La copertina de "Il mendicante di Sogni" di Miriam MastrovitoCapitoli brevi, incalzanti, annodati in agili volteggi tra sogno e realtà, dimensioni che si intersecano in dissolvenza, per narrare di Maya e Joshua, giovane uomo cui è stata rubata l'infanzia. Perseguitato da spasmi e tic, smarrito tra le solitudini di chi ha scelto di vivere ai margini della società, dopo aver "speso la quasi totalità dei suoi trenta anni legato al ceppo di un imprecisato disturbo psichico", ritrova se stesso nei sogni. Ad aiutarlo la candida polvere di un'amara radice, l'iboga, per Ta'Ziyah l'unico rimedio per purificare dalle tossine del dolore, estirpando i fantasmi di un passato crudele, per restituire dignità e tornare a credere nei sogni.

Maya, fata e regina del regno di "Chissà dove", in cui i sogni sono realtà, nasce dall'inganno tra chi ama e chi usa l'amore. Il suo regno si arrende alle ombre, la luce si dissolve in un'addolorata agonia quando le sue ali di bianchi petali di rosa vengono strappate da Nergal, gelida, cieca oscurità generata dallo stesso inganno d'amore. Sarà lei, pur ferita, a dare coraggio ed aiutare il mendicante Joshua ed i suoi compagni di viaggio a raggiungere il suo mondo per salvarlo e salvarla, tornando a credere nei sogni.

Non ci sono anagrafi nei ghetti di una umanità "borderline", rifugio di chi rinnega sé stesso, non hanno nome i personaggi tratteggiati con tratto rapido e sicuro, ma hanno un sogno che li porterà "altrove", nella magia di un riverbero fatato di azzurro. Sarà quel sogno, così lontano dalla dolorosa zavorra di una realtà opprimente ed oppressa, ad aprire un varco tra il mondo reale e le sue ferite e quello in cui i sogni, con la loro magia, le risanano, per dar vita ad una nuova realtà.

Il giovane chitarrista sulle note di Dream on degli Aerosmith aspira ad un successo non suo. Il barbone sopravvive ad Auschwitz ma non ai ricordi. Nei suoi sogni il lezzo di carne bruciata che "schiaffeggia le coscienze scaraventando nel baratro della consapevolezza" diviene fragranza di dolci torte. La bimba con le stampelle sogna di correre su gambe da Barbie ed evadere da un mondo senza colori.
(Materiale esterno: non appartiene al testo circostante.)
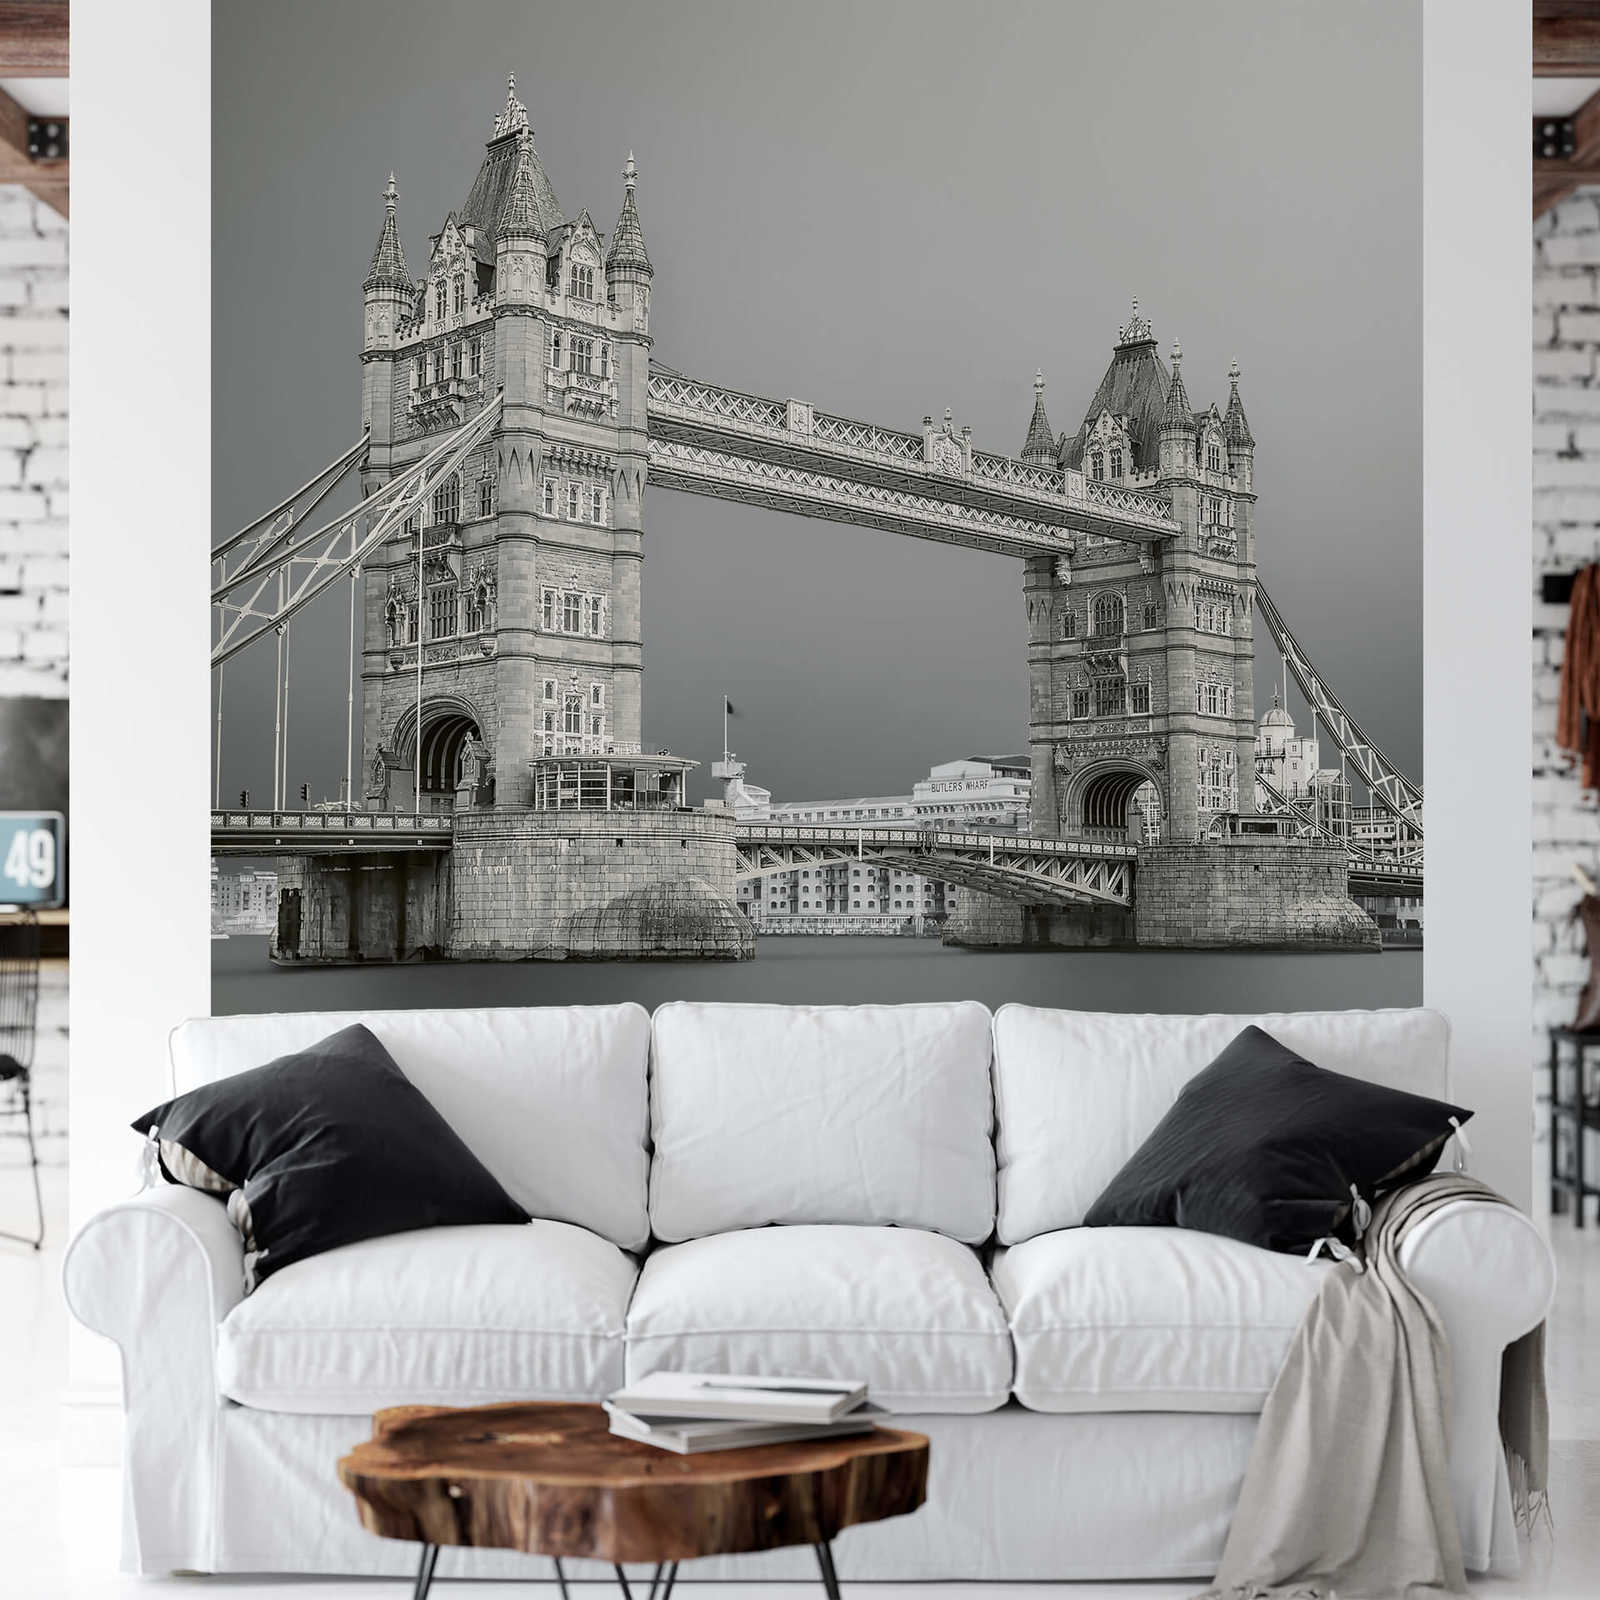             Muurschildering Londen Tower Bridge - Grijs, Wit, Zwart

Il tossico che tanto ricorda "Cristo sulla via del Calvario, la croce ancora in circolo nelle vene e i segni della flagellazione sulle braccia", sconfigge la tossicodipendenza, rea di diffondere "le sue metastasi nelle relazioni, nelle consuetudini" per amore di suo fratello, l'unico ad aver fiducia in lui, "baciato da un tir" è prigioniero di un coma. La prostituta, impazzita dal dolore per aver perso il suo bimbo concepito con un virtuale amore dal retaggio clientelare, cerca i passi perduti ed una nuova esistenza.

Con l'ascolto ed i suoi gessi colorati Joshua dà vita sull'asfalto ai loro sogni smarriti e traditi.

Daniel, piccolo custode dei petali e del sogno dipinto con le terre di Chamarel, frutto di seconda generazione di un altro crudele inganno d'amore, condurrà sua nonna Lilia da Neville e restituirà le ali a Maya. Infine l'eroe mendicante, rinunciando al suo sogno per restituire vita a chi – perdendola – lo salvò, condannerà a morte Nergal e salverà il regno ed il suo amore.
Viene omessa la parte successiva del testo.